Oh! Mais c'est qu'il est cinglant le petit Juju!

De Caroline, posté le 17.12.05 à 21:53

Vraiment, de toute évidence, je crois que nous n'avons pas vu la même performance. J'ai été extrêmement touché par la liberté et les propositions de cet événement. Ayant vu plus d’une œuvre de Jean Ranger à travers les années,  ce que l’auteur de cette critique n’a manifestement pas saisi est à quelle point toute l’idée du spectacle était de passer à un mode de compréhension plus intuitif et d’ouvrir sa perception afin de saisir un langage multicouches ou l’idée de saisir une idée ou de cerner une unique proposition devient sans intérêt. Les gens auquel j’ai discuté à la sortie de la performance avaient une excitation bien palpable, si un travail parvient à stimuler, inspirer et ouvrir un sens de possibilités au lieu de nous maintenir dans le confort de notre propre ironie, cela représente à mes yeux un succès. Le travail visuel était fort et savait  aussi se faire discret et laisser la place aux interprètes. La musique, très actuelle, était capable de nous faire voyager dans des zones d’ombre, festive et féline. D’ailleurs les gens peuvent juger d’eux même si le contenu vidéo est pertinent en allant voir sur le site de www.mindroots.com ou il est possible de voir quelqu’un qui poursuit généreusement la création d’un langage singulier. Pour d’autres critiques à mon avis plus juste (et moins ado) du spectacle allez lire plutôt : http://www.dfdanse.com/article694.html ou encore : http://www.quadrantcrossing.org/blog/C2043341080/E1649708448/

Caroline F.



De Citron, posté le 18.12.05 à 03:08

Vraiment, de toute évidence, je crois que Caroline F. n\'a pas de goût, étant donné qu\'une musique "faisant voyager dans des zones d\'ombre, festive et féline" n\'est pas quelque chose de positif; les références au cercle de la vie ou à la place de l\'individu dans la collectivité non plus, d\'ailleurs. "Les constellations dynamiques" est une performance fade et sans intérêt, à moins que l\'on s\'intéresse à ce qu\'a l\'habitude d\'afficher la SAT, soit des oeuvres dépassés et très peu originales tournant autour de fausses problématiques, visant un public ignorant qui se satisfait dans la médiocrité. On a tous compris que la technologie pouvait être un facteur de déshumanisation tout en rapprochant les hommes, pas la peine d\'en faire une performance. Alors, Caroline, tu arrêtes de t\'intéresser au rapport entre l\'homme et la technologie, tu ne retournes plus jamais à la SAT, tu te renseignes sur des artistes qui valent mieux que Johnny Ranger (et qui n\'exposent pas à la SAT) et tout ira mieux.

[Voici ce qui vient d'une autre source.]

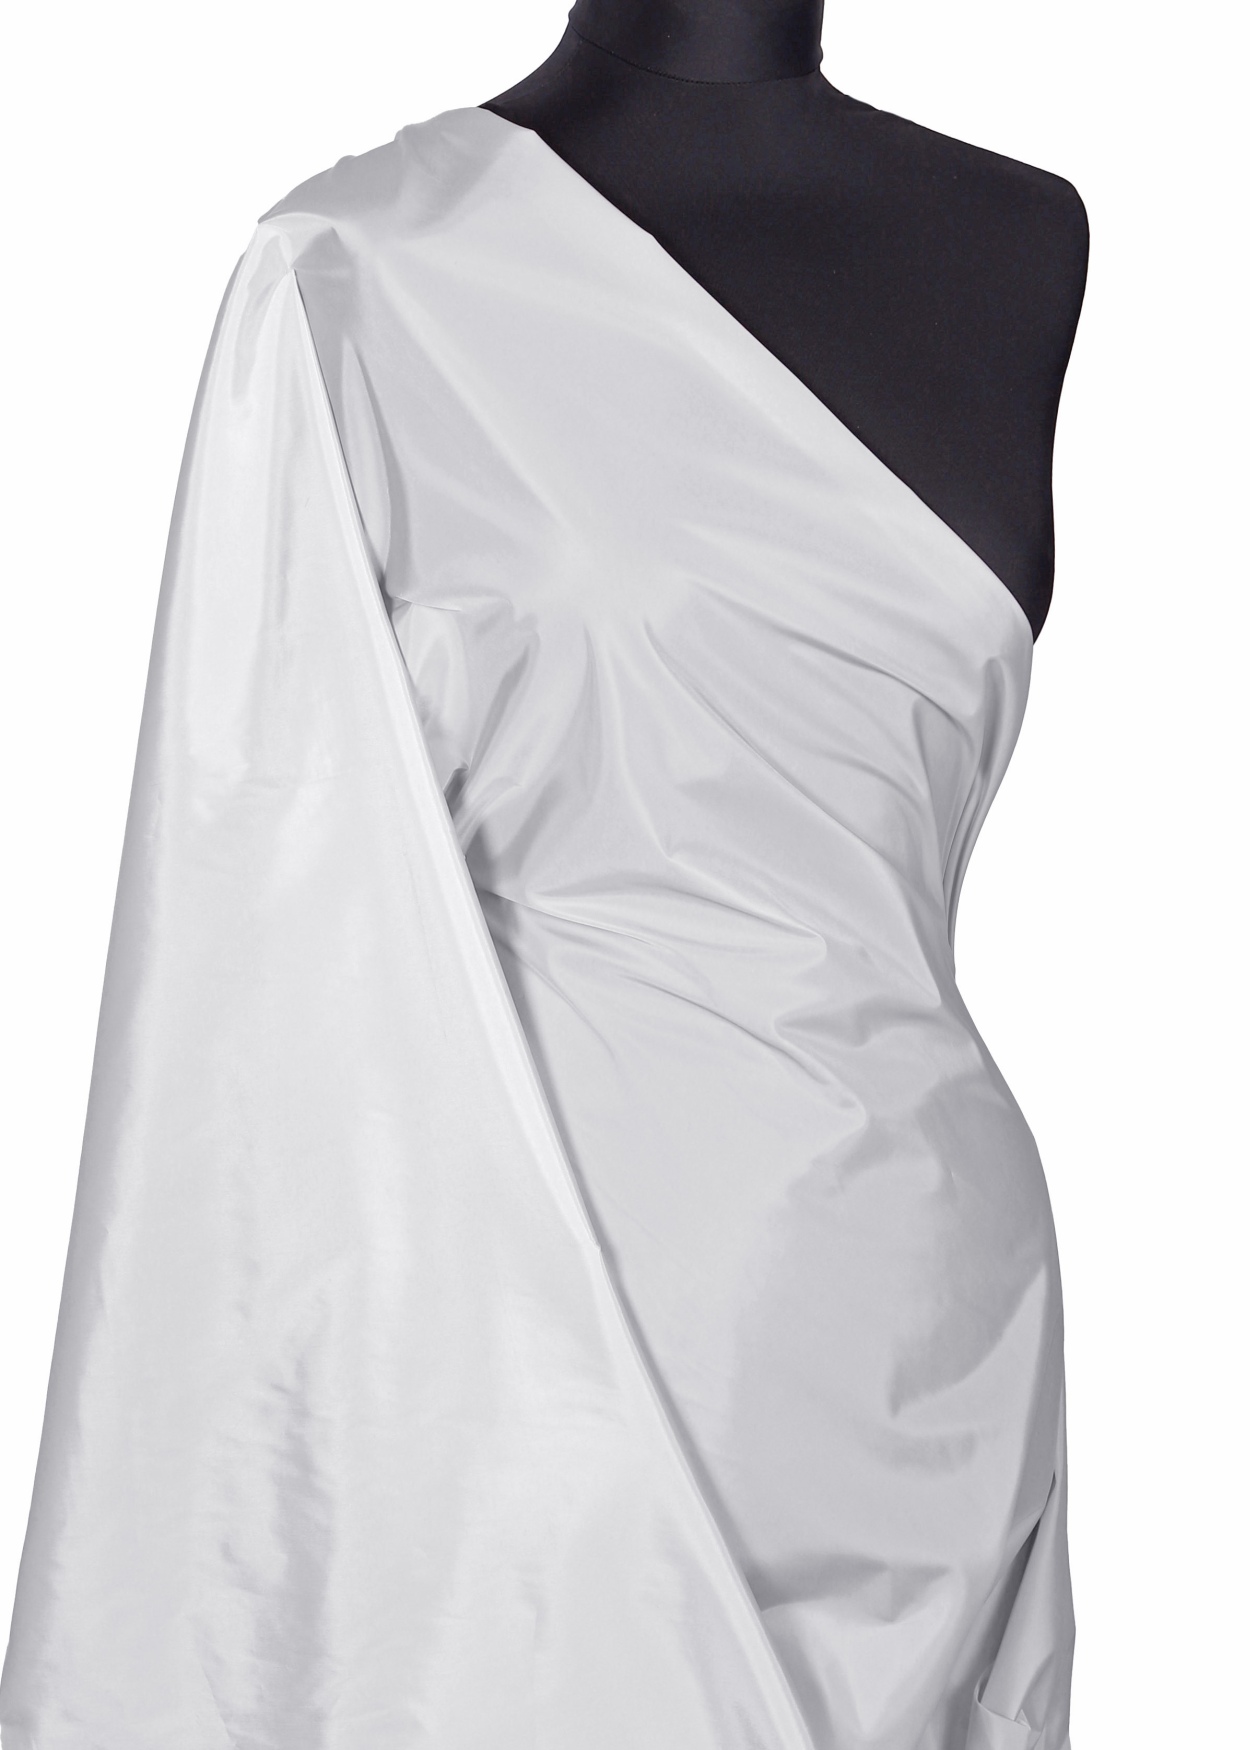 Bundovina Zara 01 biela - Kliknutm na obrzok zatvorte -

De Stoubidou, posté le 18.12.05 à 03:12

Si la plupart des sots se contentent de faire des sorties culturelles dans leur coin, d’autres tenteront d’exprimer leur opinion sur la place publique. Ici, nous avons donc Caroline F.qui se rendit aux Constellations Dynamiques et qui trouva la performance « féline », « actuelle » et « stimulante ». Incertaine de la valeur de ses convictions, elle regarda autour d’elle et put palper l’excitation qu’elle ressentait elle aussi. Contente de n’avoir pas dépensé dix huit dollars pour rien, elle rentra chez elle et consulta quelques critiques sur le web, mais en trouva une qui ne correspondait pas à ses idées : la mienne.

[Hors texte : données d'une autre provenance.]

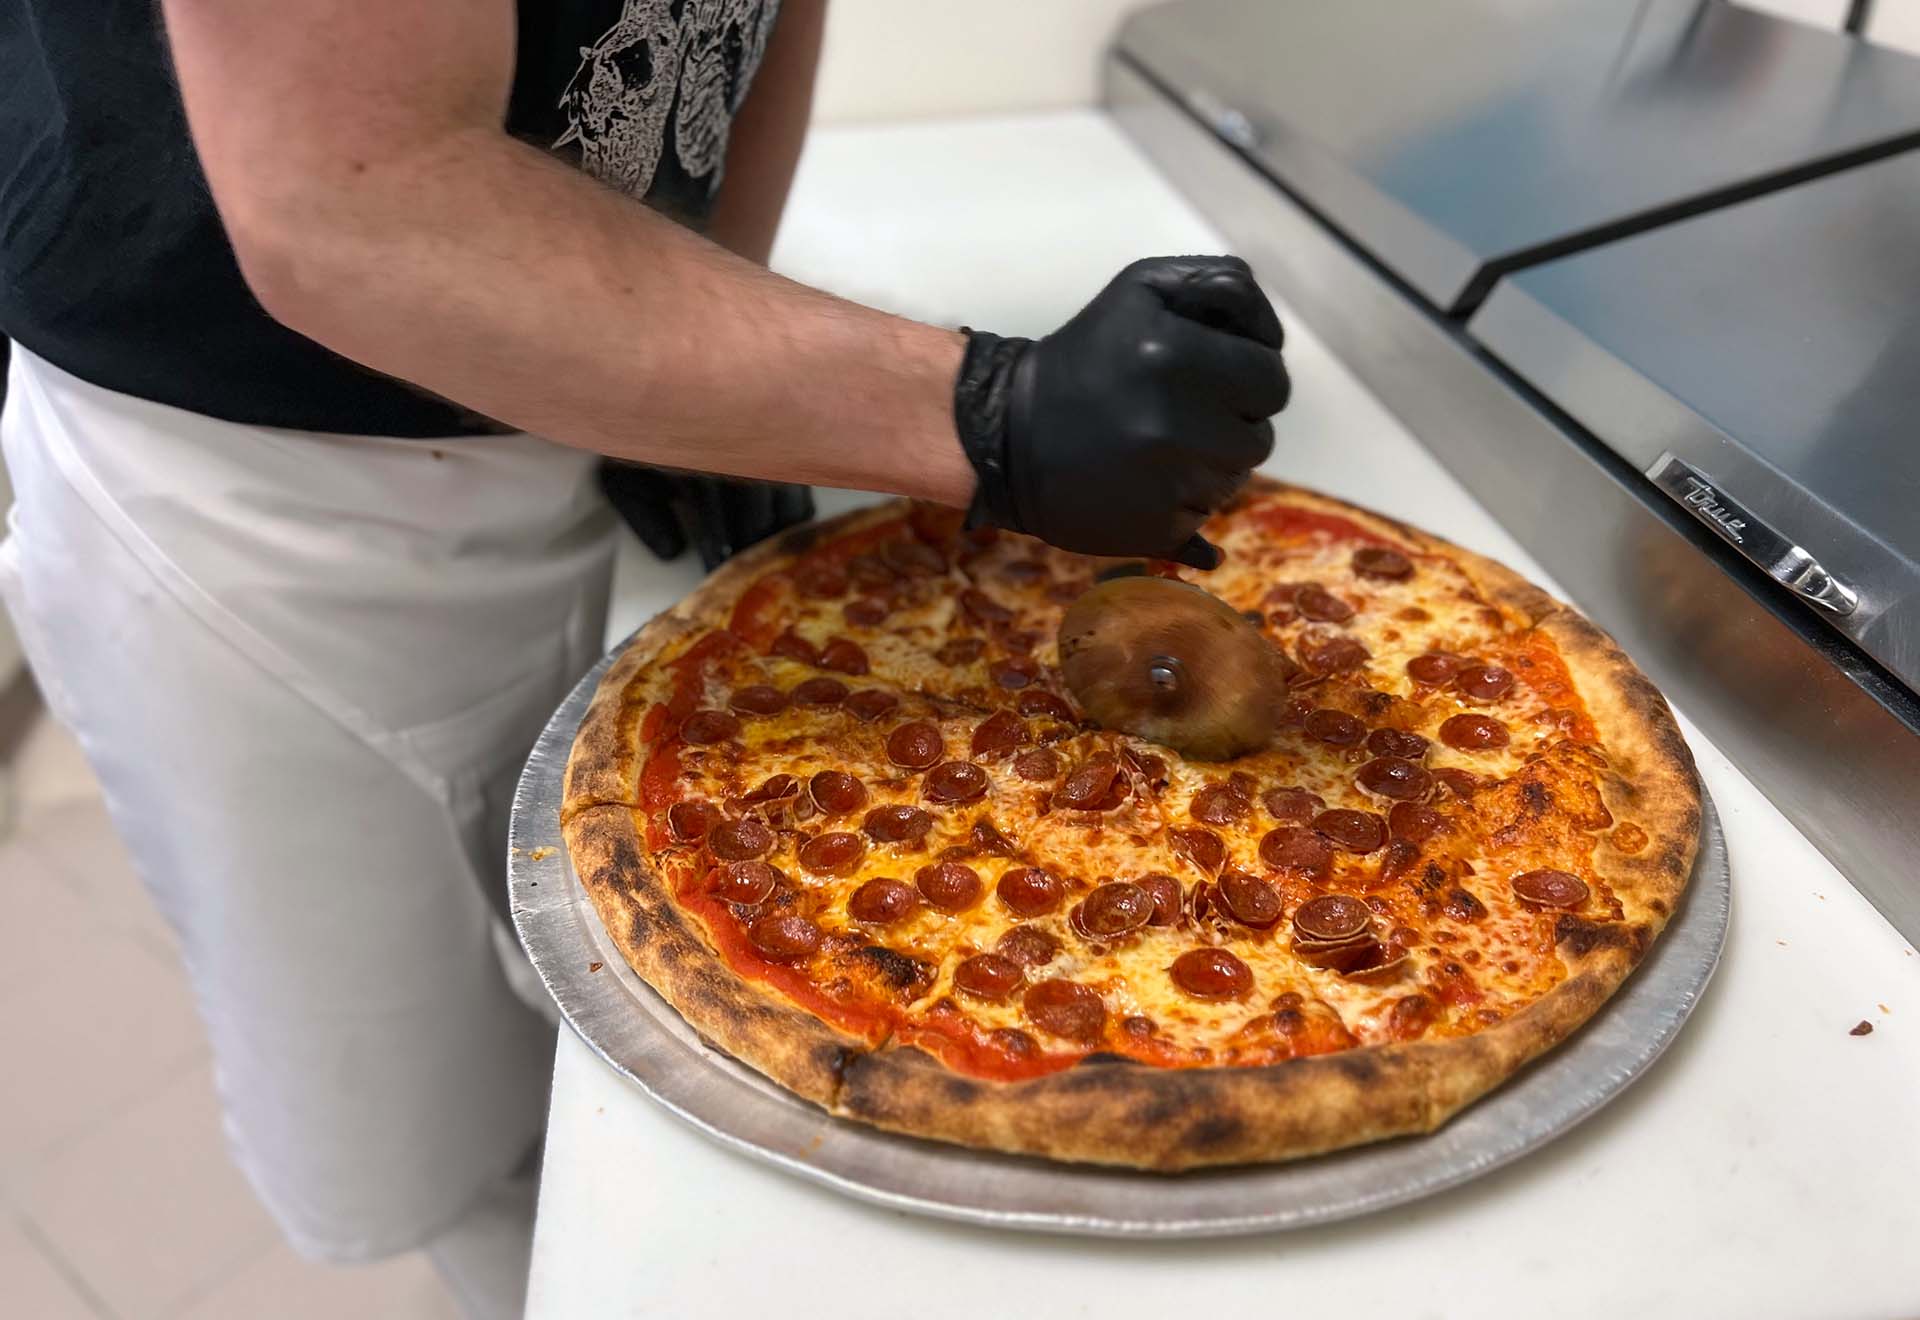 III. Understanding Thick Crust Pizza

Caroline, si je puis me permettre ; vous faites fausse route. Il est inutile de vous lire au complet pour comprendre que vos écrits ne sont qu’un ramassis d’âneries.

Tout d’abord, j’aimerais répondre à vos accusations concernant l’ « adolescence » de mon article. Comment osez-vous entrer sur le terrain miné des attaques personnelles alors que vous-même n’êtes pas irréprochable ? En effet ; relisez votre minable petit commentaire et constatez de vous-même : le participe passé employé avec le verbe être s’accorde avec le sujet (à moins que votre nom ne soit en fait Carolin). Par ailleurs, je me demande si vous ne ronfliez pas en classe lorsque le professeur disait que « les gens auquel j’ai discuté », ça ne se disait pas. Tout le monde ne maîtrise pas la langue de Molière, mais moi, l’ « ado », j’ai le mérite de le faire mieux que vous.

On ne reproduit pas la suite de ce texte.